- Exercise aim -
Excluding pictures, transcribe precisely the lines from the one containing "Обнаружена новая яхта Путина" to the final line of the listing below, inclusive, and nothing more.
Start of Data records
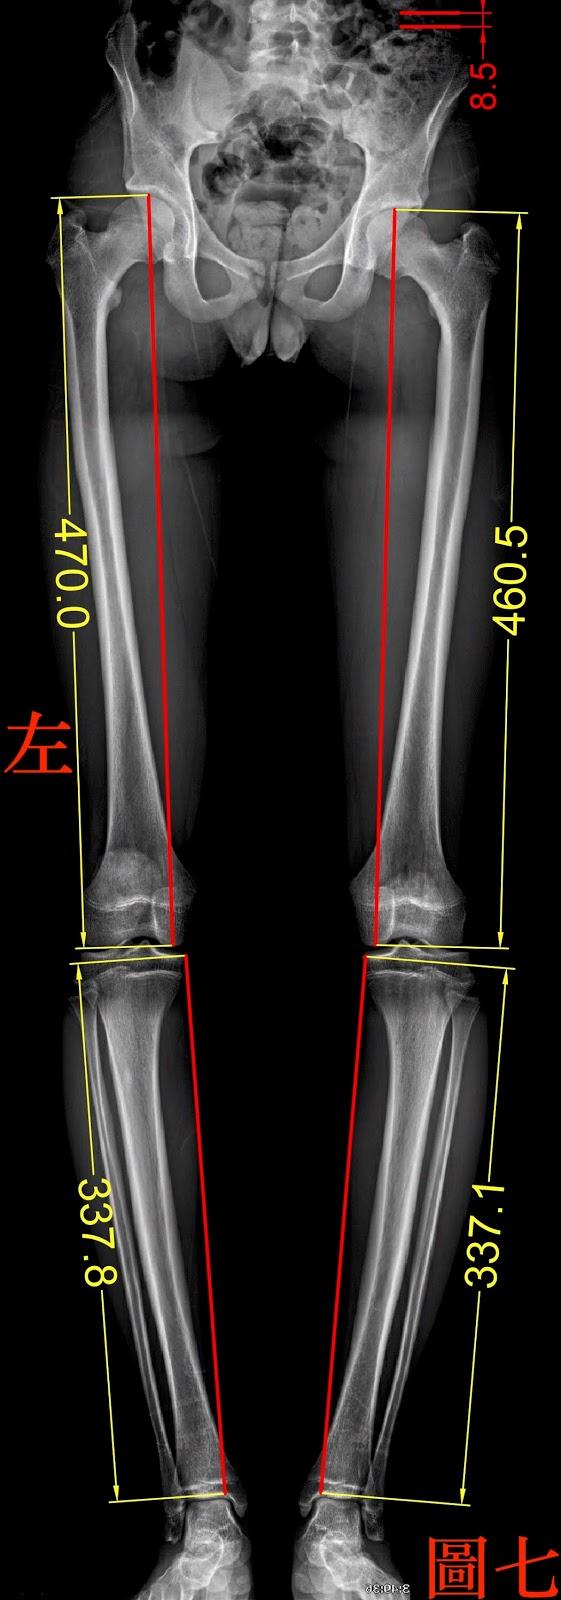 脊椎側彎檢查, 脊椎側彎度數, 脊椎側彎矯正, 脊椎側彎治療, 脊椎側彎矯正運動
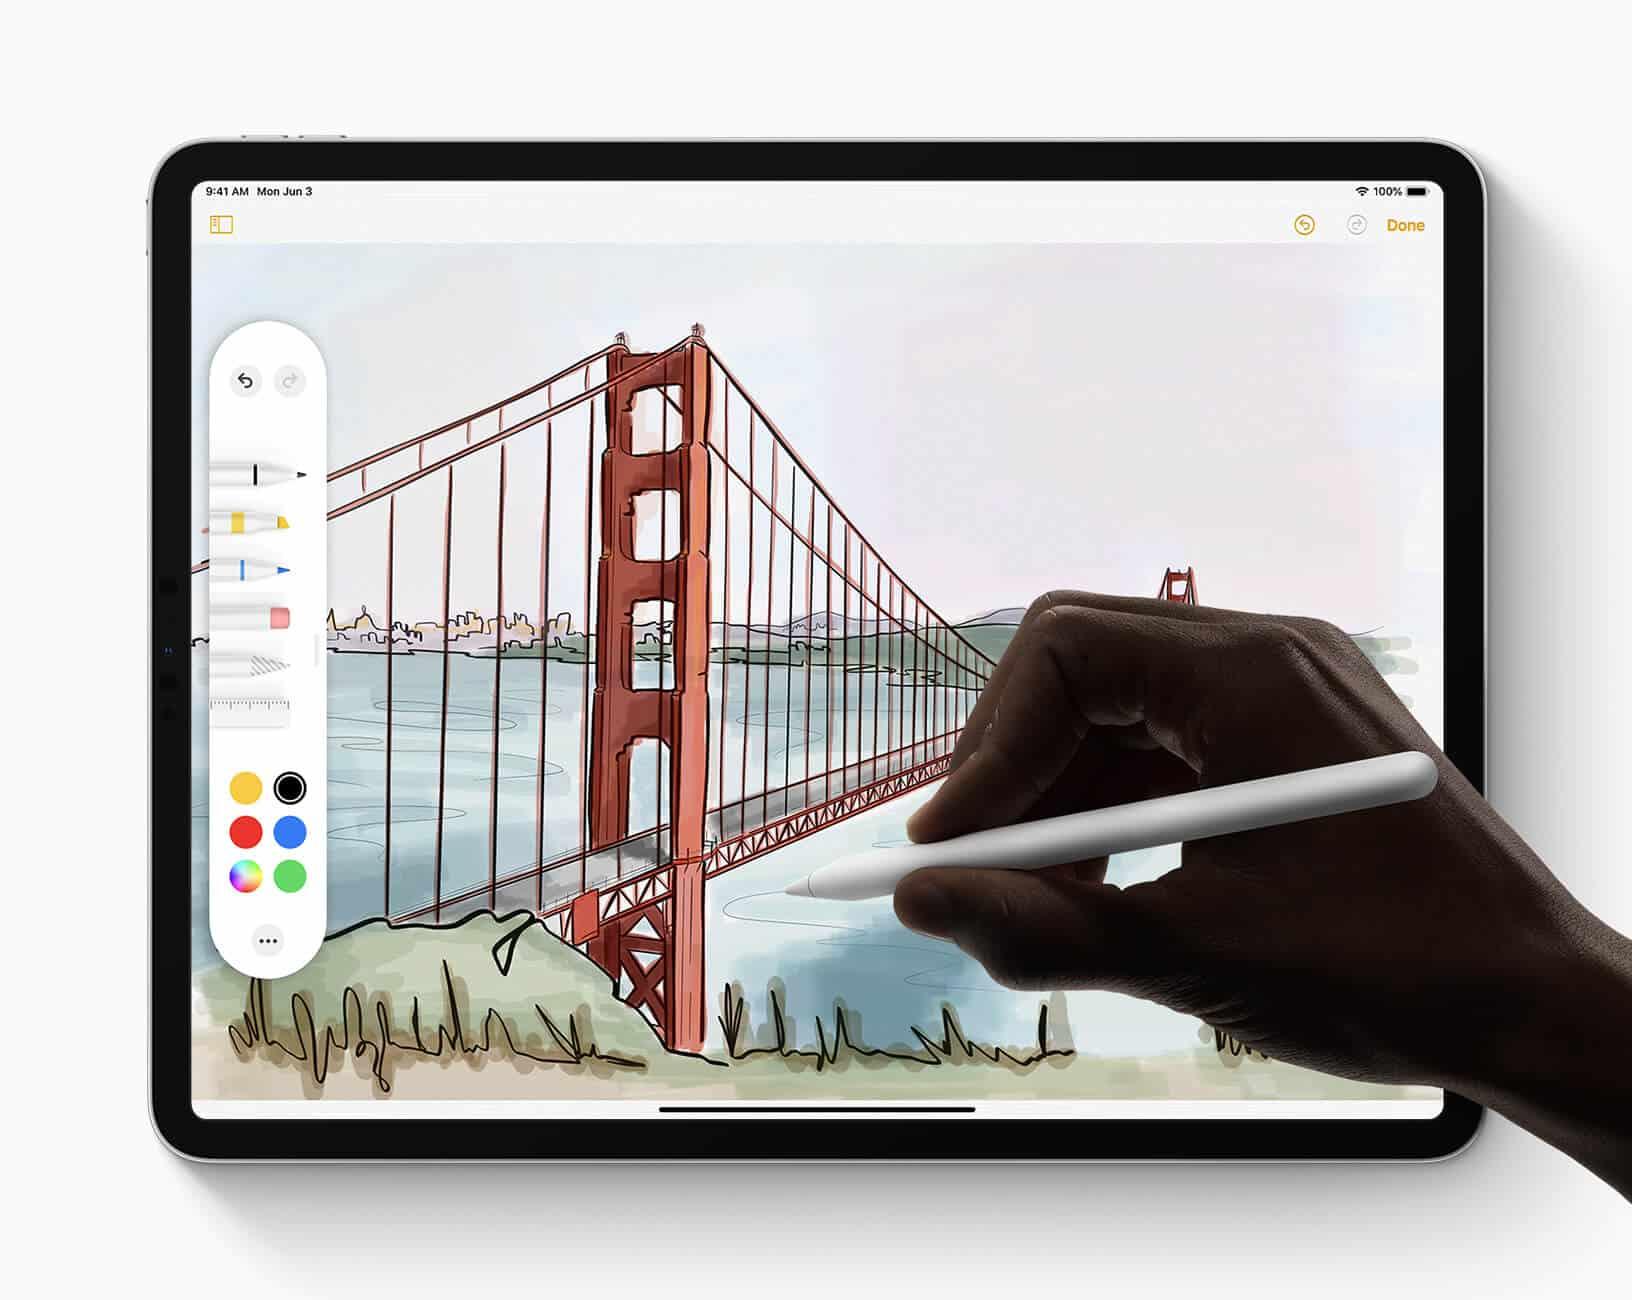 Mein geklautes MacBook 2/4: Das iPad als einziger Computer
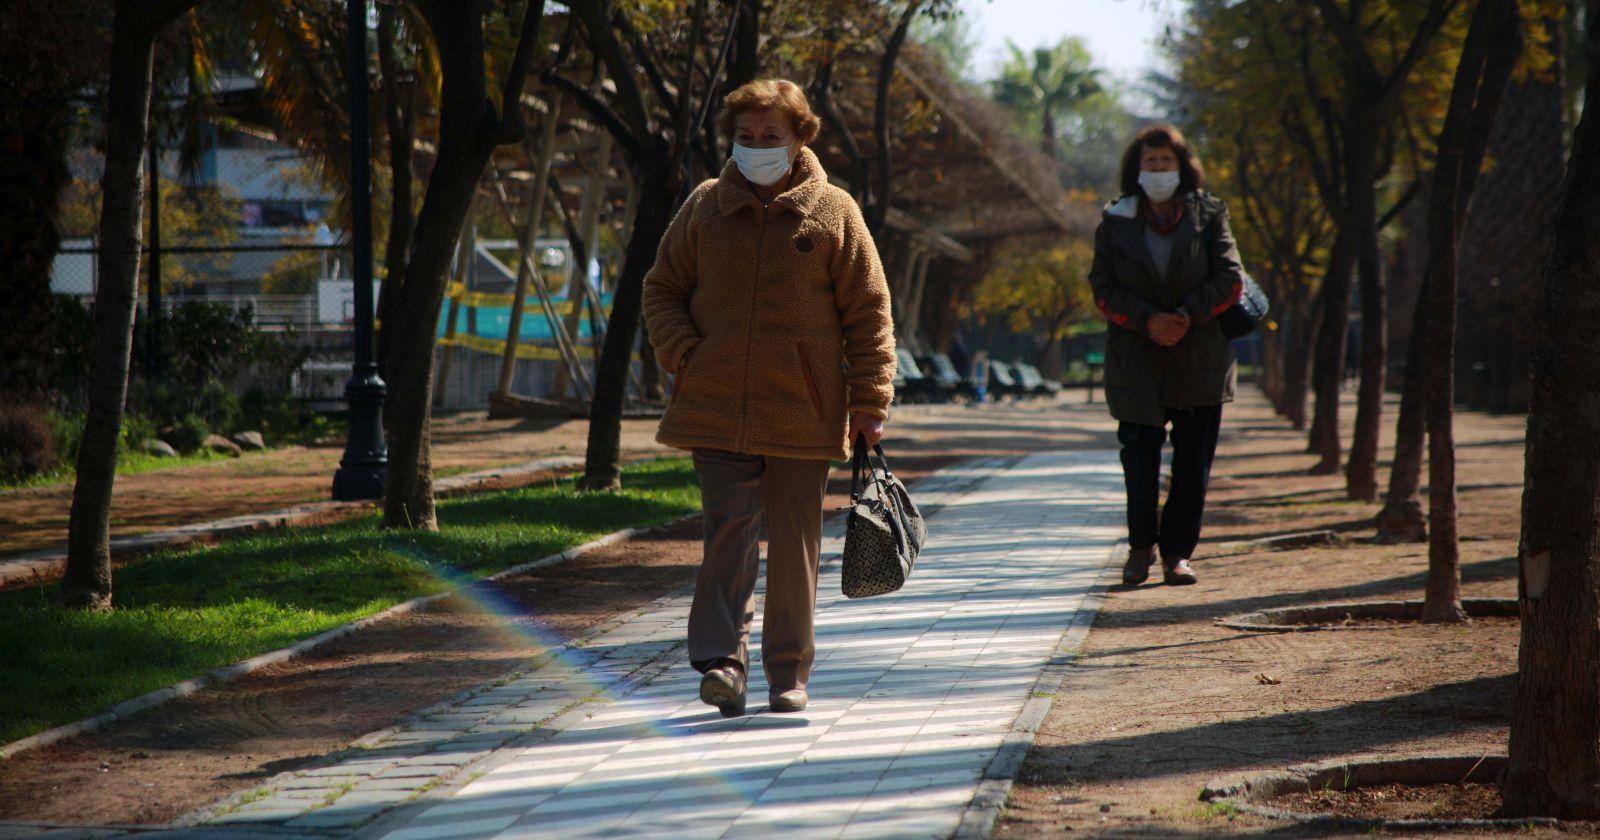 La preparación de los adultos mayores para votar en el plebiscito en plena pandemia
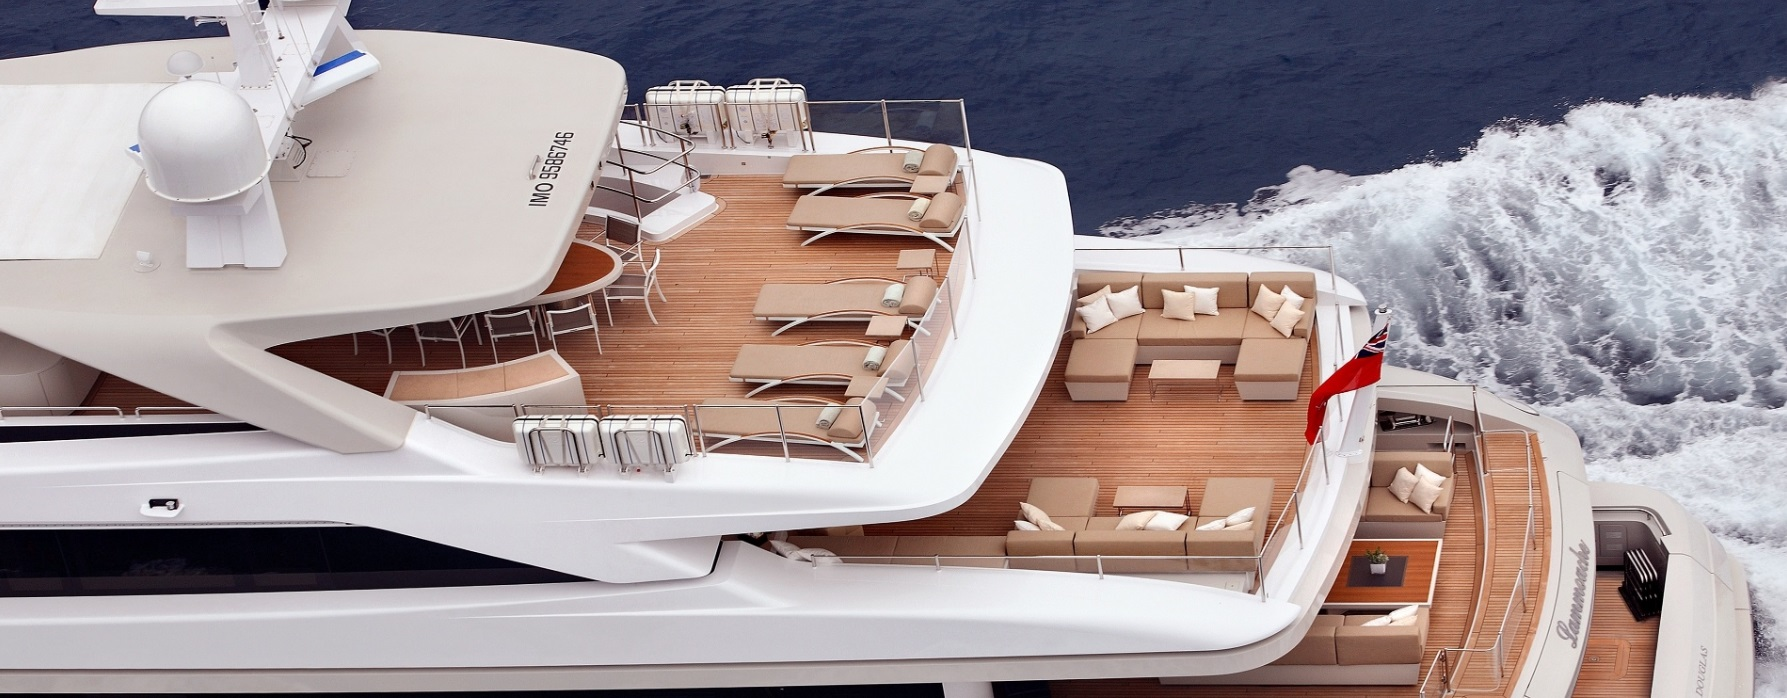 Обнаружена новая яхта Путина
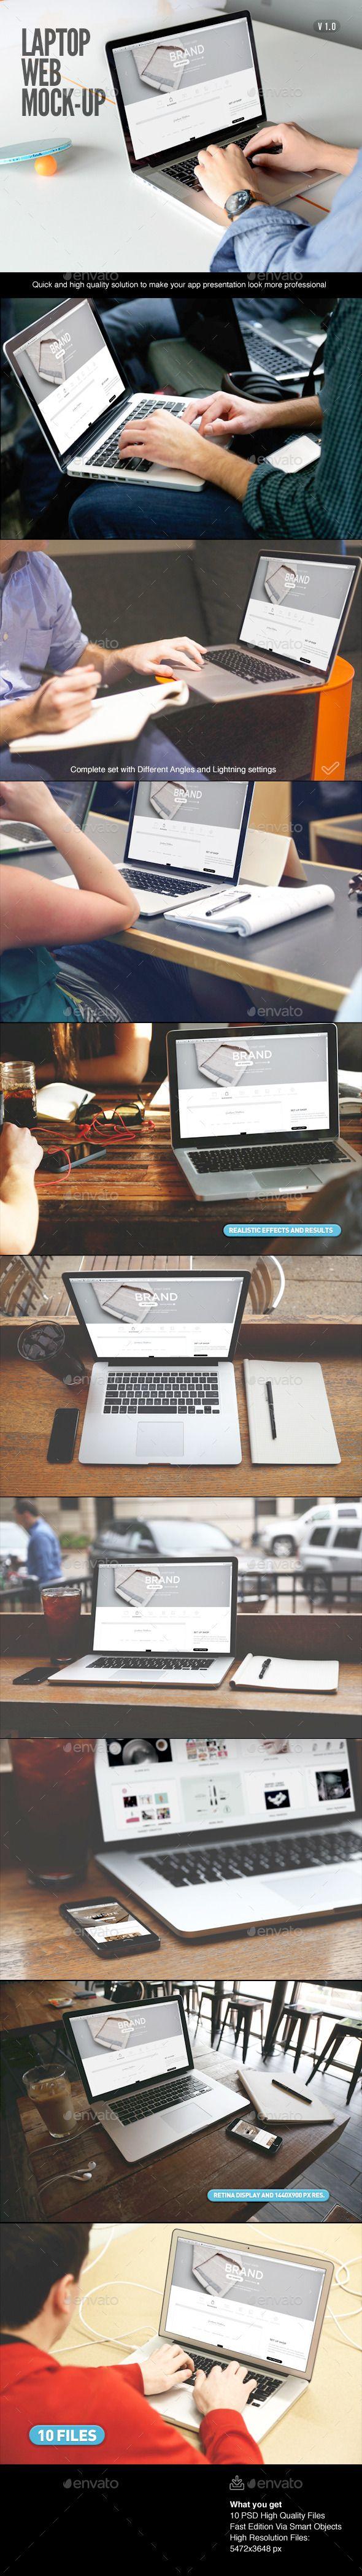 Laptop | Web App Mock-Up #design Download: http://graphicriver.net/item/laptop-web-app-mockup/10897896?ref=ksioks
End of Data records
- Task answer -
 Обнаружена новая яхта Путина
 Laptop | Web App Mock-Up #design Download: http://graphicriver.net/item/laptop-web-app-mockup/10897896?ref=ksioks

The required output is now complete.